Article posted Thursday, September 1, 2011 9:38am

Dear Miss Manners,

As a small business owner in Door County, I’m struggling with my staff scheduling heading into fall. Many of my employees are college students who are returning to school, so I’m feeling a little short handed when it comes to staffing. But, that’s not what’s really bothering me, as I’ve handled being short-staffed many times before. What’s really eating away at me is that one of my employees (who I hired on this spring with the understanding that she’d be here through the fall) failed to inform me that she was quitting!

When she was late for a shift, I called her, thinking something terrible had happened. When she finally picked up on my third try, she simply stated that she’d found another job, and that she needed to be done working for me. Seriously, what happened to giving two weeks notice? Or, even for that matter, having the maturity level to inform an employer face-to-face that you were moving on? Would it be out of line for business owners get together and create “Don’t hire this person!” trading cards?

Work Ethic Woes

Ellison Bay, WI

Dear Work Ethic Woes,

It’s like the saying: “Summer Help, Some are Not.” Whether you have part-time or full-time employees, seasonal or year round, managing them is nothing short of a challenge. Since Door County is a somewhat relaxed environment and it’s not uncommon for interviews to be conducted in flip-flops (by both interviewer and interviewee in some cases), employees are sometimes under the false assumption that the commitment is also relaxed. They may start at a restaurant and get better hours at another, so they jump ship without much notice. Or, they leave one store for a chance to work at another store since they heard it was more fun. It’s okay to seek another opportunity. It’s not okay to leave an employer in a lurch. If you are old enough to work, you should be old enough to act responsibly.

I agree with you. Your employee should have had the maturity to pick up the phone or resign face to face. I can’t fathom that someone would think that it’s acceptable to not show up for a shift and then avoid the calls of a person who has been paying wages to them for weeks, if not months.

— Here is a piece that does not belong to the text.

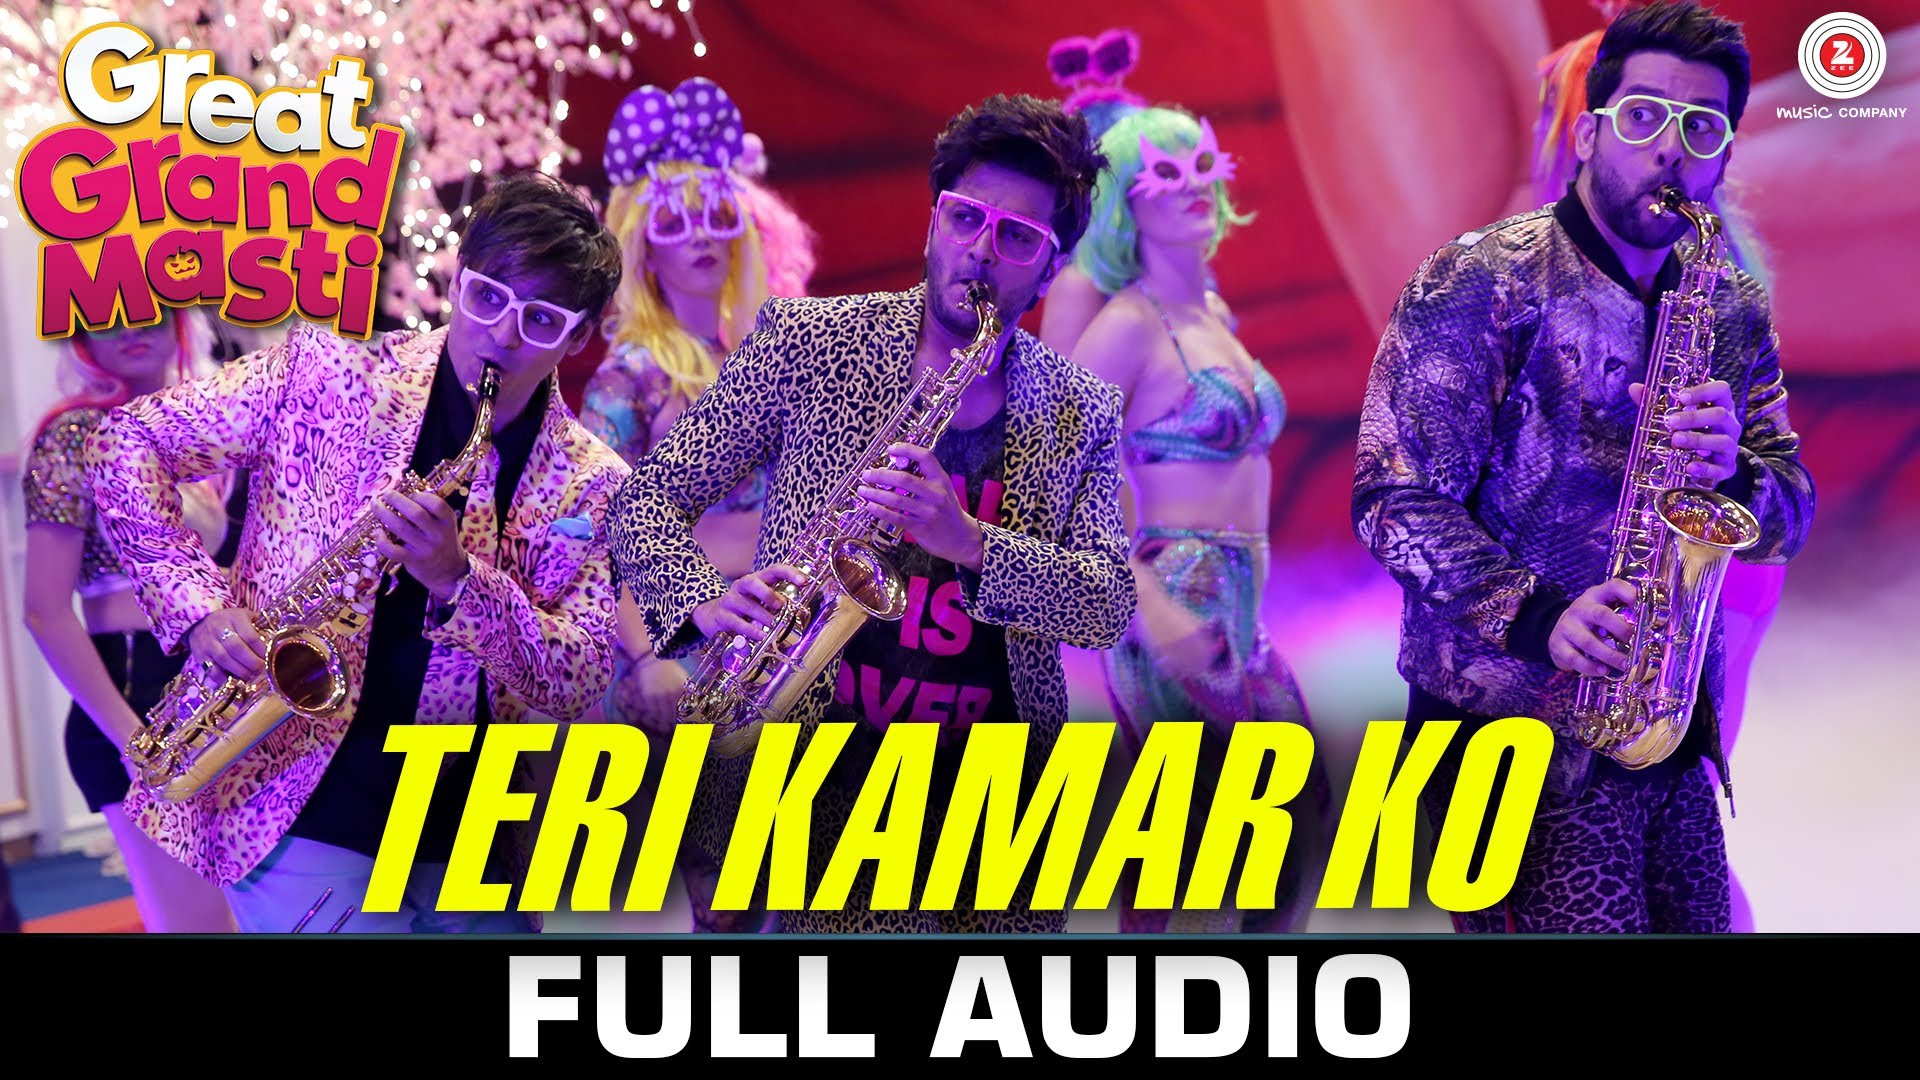 Great Grand Masti New Song Teri Kamar Ko by Kanika Kapoor

When I was in college, some years ago now, I worked two jobs pretty steadily for the entire summer and left with just enough time to pack my bags before driving the three hours back to school. I get that it can be pretty obnoxious when someone starts on the “In My Day” speeches, but sometimes I really wonder about the work ethic of some of some of our 16-somethings to 20-somethings. I had a soon to be 21 year old say to me the other day, “I can’t believe I had to work today, and then I have to go back and do the same thing tomorrow!!!” OMG. Welcome to adulthood.